I received a timely message from someone I respect a great deal.  Their life journey is familiar to me, their hardships, their beliefs and pain.  What I really want to be able to share is their victory.  I am reminded to let go completely, that my best efforts got me where I am.  God wants to carry the load; He is the source of all solution, comfort and love.  It’s hard for me to admit, “It’s over”, period!  I am to clean my house and “get out of the basement” of my dysfunctional thoughts.  This person found “True Love” and is enjoying the life God promises to His followers.  I am very happy for them; it does the heart good to hear of God’s healing and restoration!

We are by nature and maturity level, selfish and self-centered, at least I am.  The less emotionally mature we are the more we are like the kid who doesn’t get his way and let’s everyone know how unhappy he is.  We are the first to think how hard life is, how difficult we have it and usually the last to know when those closest to us are having difficulty.  When my wife complained, I knew something was wrong but I usually categorized it as “her way of seeing things”.  Whatever, how lazy is that?  I wanted her to know when I was having it tough, and when she wouldn’t respond, I’d feel sorry for myself.

Some self-help or support groups caution against being too “other” oriented.  I really think that is impossible, given the basic self-interest that is ingrained in all of us.  The most selfless person ever to walk the earth was Jesus.  His example is to be a model for our life.  We are to sacrifice our life for others, put them first, especially our spouse.  He taught us that the evidence of love is found in seeing a need in others, then doing all we can to satisfy it.

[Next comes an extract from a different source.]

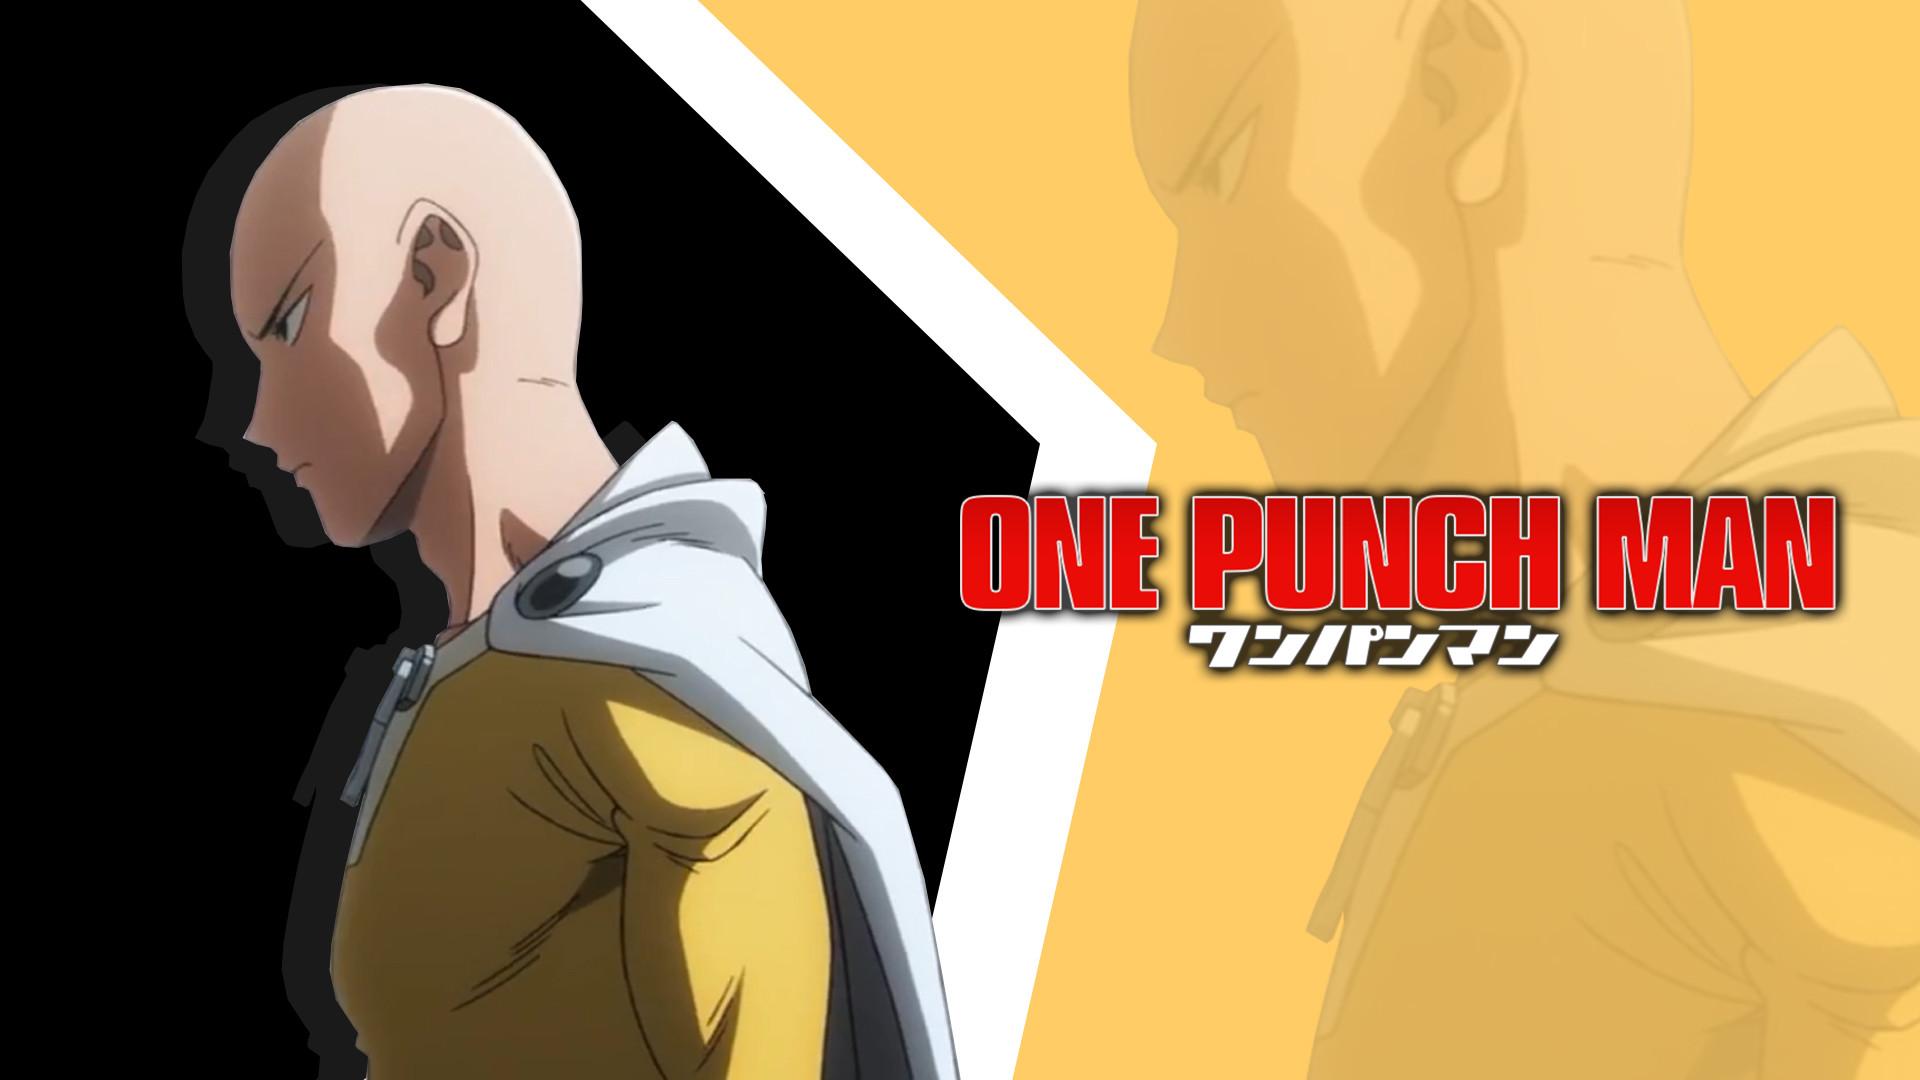 Serious Saitama Anime One Punch Man Wallpaper HD #3032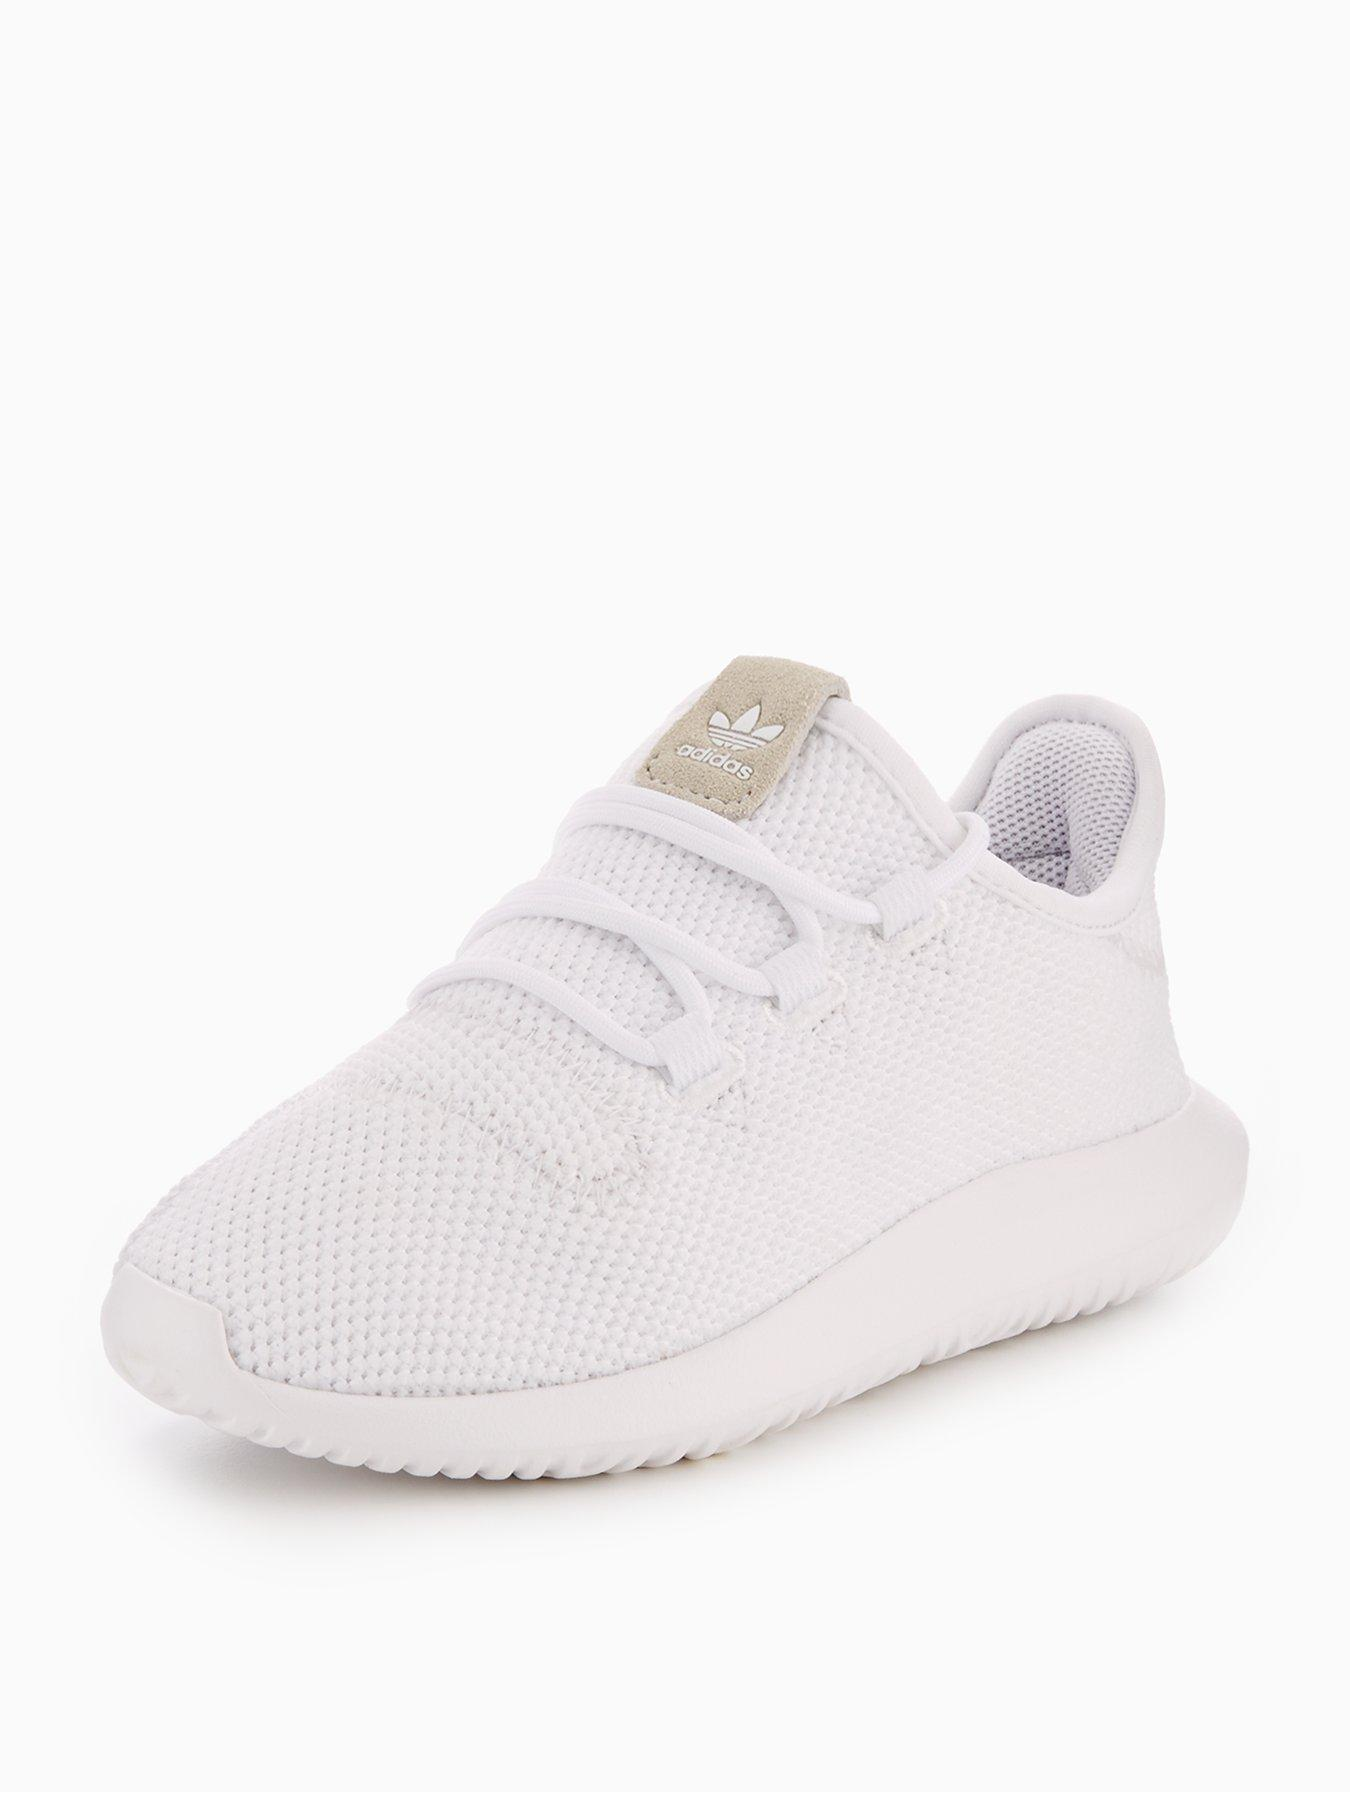 Adidas Originali Per Bambini & Baby Le Scarpe Sportive Adidas

What is amazing is the following statements Jesus made to His disciples, “For I was hungry, and you gave Me something to eat; I was thirsty, and you gave Me something to drink; I was a stranger, and you invited Me in; naked, and you clothed Me; I was sick, and you visited Me; I was in prison, and you came to Me”  Matthew 25:35-36  The disciples were confused by these statements and Jesus explained that when you did these thing to the least of these, my brothers, you did them to Me.  Still applies today, The Love Dare uses these examples of needs and applies them to marriage.  See page 137 for the examples.

What amazes me about this whole process is the simplicity of it, but it requires the stripping of our pride and egos and making way for God in our hearts.  It is His love that is put in our hearts for others; it is His grace that gives us the strength to do His will.  His will is to love others as He loves us and to tell them the Good News, that God has made it possible to be right with Him and enjoy eternal life and happiness.  He paid the price; all we have to do is accept what He has provided for us.  It is all God given, God driven, God forgiven, and we just need to get out of our own way to have abundant life!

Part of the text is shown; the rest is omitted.